Houston sports fans have grown used to good news around this time of the year. This year is no different.
After winning their division, the Astros are heading to baseball’s playoffs. Basketball’s Houston Rockets, one of the NBA’s hopeful teams, open their preseason on Oct. 10. And thanks to an M&A transaction that closed Sept. 30, fans of both will continue to be able to watch their teams live on a newly created network to be known as Space City Home Network — a change in something more than branding that began Tuesday.
Structurally, the deal is a joint venture between the two teams that acquired what was known as AT&T SportsNet Southwest from Warner Bros. Discovery, a tiny piece of the massive inheritance brought by AT&T’s $57 billion divestiture to the Discovery network in 2019.
Lawyers from the Texas offices of three law firms were involved — Weil, Vinson & Elkins and Latham & Watkins. Mark Kelly, Harry Perrin and Francisco Morales Barrón led V&E’s counsel of the Astros. At Latham, New York partner Ian Schuman and Houston partner Nick Dhesi led the team advising the Rockets. Weil Dallas partner James Griffin led the Weil team advising Warner Bros. Discovery.
For their high-profile owners, Tilman Fertitta (Rockets) and Jim Crane (Astros) that joint venture forestalls, for the moment, a lingering nightmare: How to anticipate the role of broadcasting in professional sports — a role that has traditionally provided a massive share of revenues now threatened both by streaming, “cord-cutting” and competition for fans from evermore exotic (and often cheaper) team sports.
The nightmare is not just Houston’s. Despite the raging popularity of sports in general, regional sports networks (RSNs) across the country are facing the same stark obstacles: declining advertising, fickle viewers, increased channel usage fees and an accompanying decline in cable and satellite viewers in general, who are switching in large numbers to free or low-cost antenna-based and streaming systems like Roku, Sling and Vudu.
In February, Warner Bros. Discovery informed the teams in Houston — along with teams in Pittsburgh, Colorado and Utah — that they would likely be unable to pay for the rights associated with their AT&T Sportsnet-branded channels. The letter from the unit’s president Patrick Crumb, as quoted in the Wall Street Journal, said that its new owners at Warner Bros. Discovery “will not fund our shortfalls.” The implication was that a filing for bankruptcy might be imminent.
The letter came as no particular surprise to James Crane, who along with Houston Baseball Partners purchased the Astros from Drayton McLane in 2011, along with a stake in what was then known as the Houston Regional Sports Network for $615 million. Two years later Crane sued McLane and Comcast claiming he had paid too much for what he had discovered was a failing network. Crane said he and HBP were misled about what affiliate rates the Houston Regional Sports Network would be able to charge distributors of its programming. Comcast has since been dropped from the $332 million lawsuit. But in August the Texas Supreme Court dismissed McLane’s challenge of the lawsuit under the Texas Citizens Participation Act, sending the case back to Houston pending trial.

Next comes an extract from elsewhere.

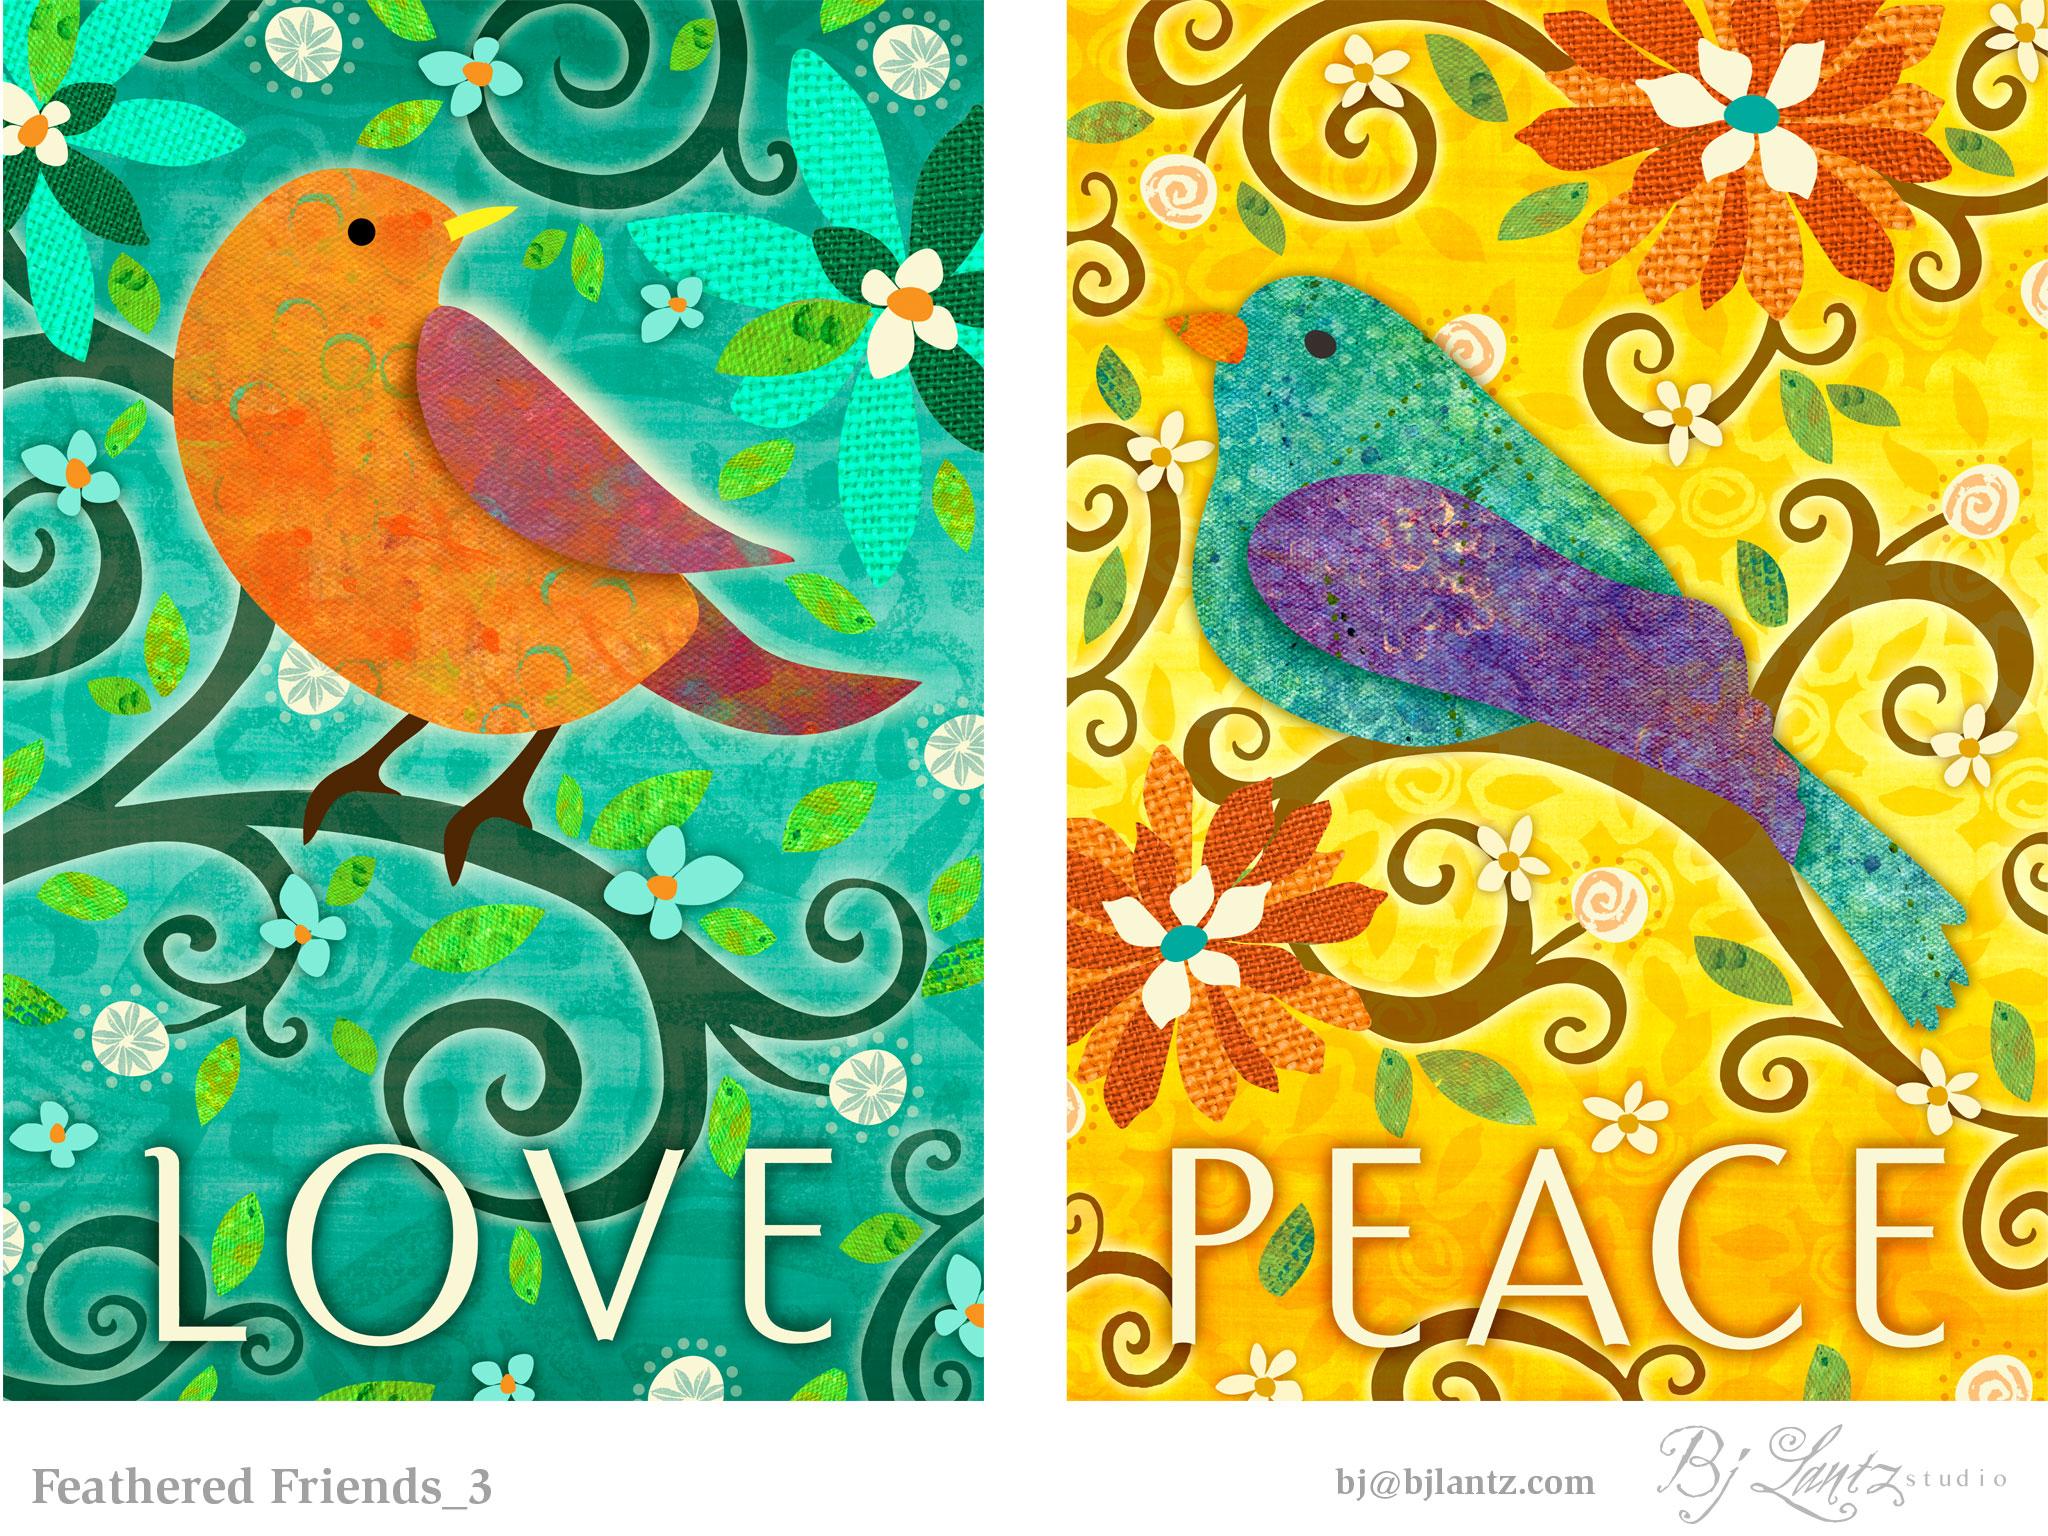 FeatheredFriends_3_BJLantz_portfolio.jpg

Houston was not the only city affected, but it has also become the center of similar storms in other regions of the country.
In March, the Diamond Sports Network — a subsidiary of the ubiquitous Sinclair Broadcast Group — announced that it had been working on a restructuring support agreement to eliminate $8 billion in debt for its 19 RSNs and had filed for bankruptcy in the Southern District of Texas. With the case now before Bankruptcy Judge Christopher Lopez, Diamond is represented by Porter Hedges partner John Higgins in Houston; the creditors committee is advised by Dallas Akin partner Marty Brimmage.
Since March, the case has become a sprawling proceeding, involving not only the 5,000 local broadcasts for baseball, basketball and hockey teams in cities like Detroit, Chicago, Dallas and Phoenix, but for creditors ranging from employees and vendors to state and local taxing authorities for whom broadcast revenues are more than a rooting interest.
Francisco Morales, one of the V&E partners advising the Houston Astros, said the Houston joint venture is intended to be more than a stop-gap for the two teams, by absorbing the network the teams have averted what could have become an existential threat to their fan base.
“I don’t think it’s a secret that the RSNs haven’t been doing great,” said Morales. “The competition from streaming and slower advertising revenues meant that the networks weren’t generating (enough) revenue.”
But he said the joint venture structure of the two-team television partnership assures, at least for the current and upcoming seasons, the continuance of local sports telecasts.